Food and Drug Administration, HHS.

ACTION:

Notice of public meeting and establishment of docket.

The Food and Drug Administration (FDA), on behalf of the U.S. Department of Health and Human Services' (HHS) Task Force on Drug Importation, is announcing that it is establishing a docket to receive information and comments on certain issues related to the importation of prescription drugs. FDA is also announcing a public meeting to enable interested individuals, organizations, and other stakeholders to present information to the Task Force for consideration in the study on importation mandated by the Medicare Prescription Drug, Improvement and Modernization Act of 2003. The Task Force is particularly interested in information related to whether and under what circumstances drug importation could be conducted safely, and what its likely consequences would be for the health, medical costs, and development of new medicines for American patients.

Date and Time: The public meeting will be held on April 14, 2004, from 9 a.m. to 5 p.m.

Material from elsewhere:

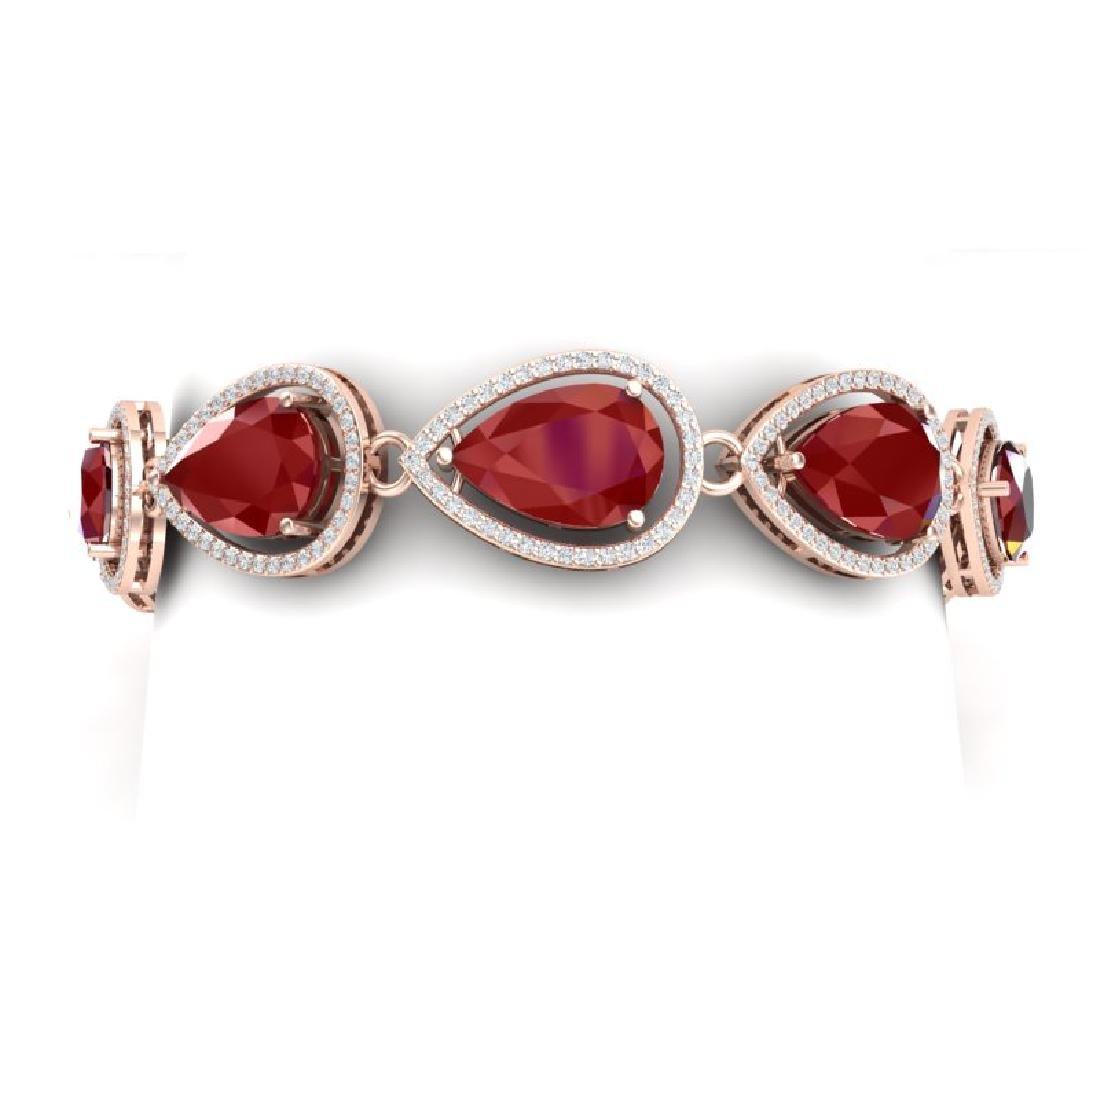 28.31 CTW Royalty Ruby & VS Diamond Bracelet 18K Rose

Location: The public meeting will be held at the Natcher Auditorium, Building 45, National Institutes of Health (NIH), 9000 Rockville Pike, Bethesda, MD 20892. Parking will be limited and there may be delays entering the NIH campus due to increased security. We recommend arriving by Metro if possible. NIH is accessible from the Metro's red line at the Medical Center/NIH stop.

Contact Person: Karen Strambler, Office of Policy, Office of the Commissioner, Food and Drug Administration, 5600 Fishers Lane, Rockville, MD 20857, 301-827-3360, e-mail: Karen.Strambler@fda.gov.

Registration and Requests for Oral Presentation: No registration is required to attend the public meeting. Seating will be on a first-come, first-serve basis. If you wish to present at the public meeting, please submit your request and a summary of your presentation to Karen Strambler the contact person listed in this document. Requests should be identified with the docket number listed in brackets in the heading of this document. (To ensure timely handling, the outer envelope should be clearly marked with the docket number listed in brackets in the heading of this document and the statement “Prescription Drug Importation Public Meeting.”)

Speakers must submit requests for presentations along with a short summary of their presentation by close of business on March 30, 2004. Presenters must send final electronic presentations, if any, in PowerPoint, Microsoft Word, or Adobe Portable Document Format (PDF) to Karen Strambler the contact person listed in this document by close of business on April 7, 2004.

The public docket will formally remain open until June 1, 2004, and we encourage commenters to submit written and electronic comments before that date. However, FDA recognizes that there may be a need for further public input, and will be prepared to accept additional comments beyond this date as necessary. Submit electronic comments to http://www.fda.gov/​dockets/​ecomments. Submit written comments to the Division of Dockets Management (HFA-305), Food and Drug Administration, 5630 Fishers Lane, rm. 1061, Rockville, MD 20852.

Requests to present should contain the following information:

  • Presenter's name;
  • Address;
  • Telephone number;
  • E-mail address;
  • Fax number;
  • Affiliation, if any;
  • Summary of the presentation; and
  • Approximate amount of time requested for the presentation.

FDA encourages persons and groups having similar interests to consolidate their information and present it through a single representative, if possible, to enable a broad range of views to be presented. After reviewing the requests to present, the agency will schedule each appearance and notify each participant by e-mail or telephone of the time allotted to the participant and the approximate time the participant's presentation is scheduled to begin.

Presenters must send final electronic presentations, if any, in Microsoft PowerPoint, Microsoft Word, or PDF to Karen Strambler the contact person listed in this document by close of business on April 7, 2004.

If you need special accommodations due to disability, please inform Elizabeth French, Office of Policy (HF-11), Office of the Commissioner, Food and Drug Administration, 5600 Fishers Lane, rm. 14-101, Rockville, MD 20857, 301-827-3360, FAX: 301-594-6777, e-mail: efrench@oc.fda.gov.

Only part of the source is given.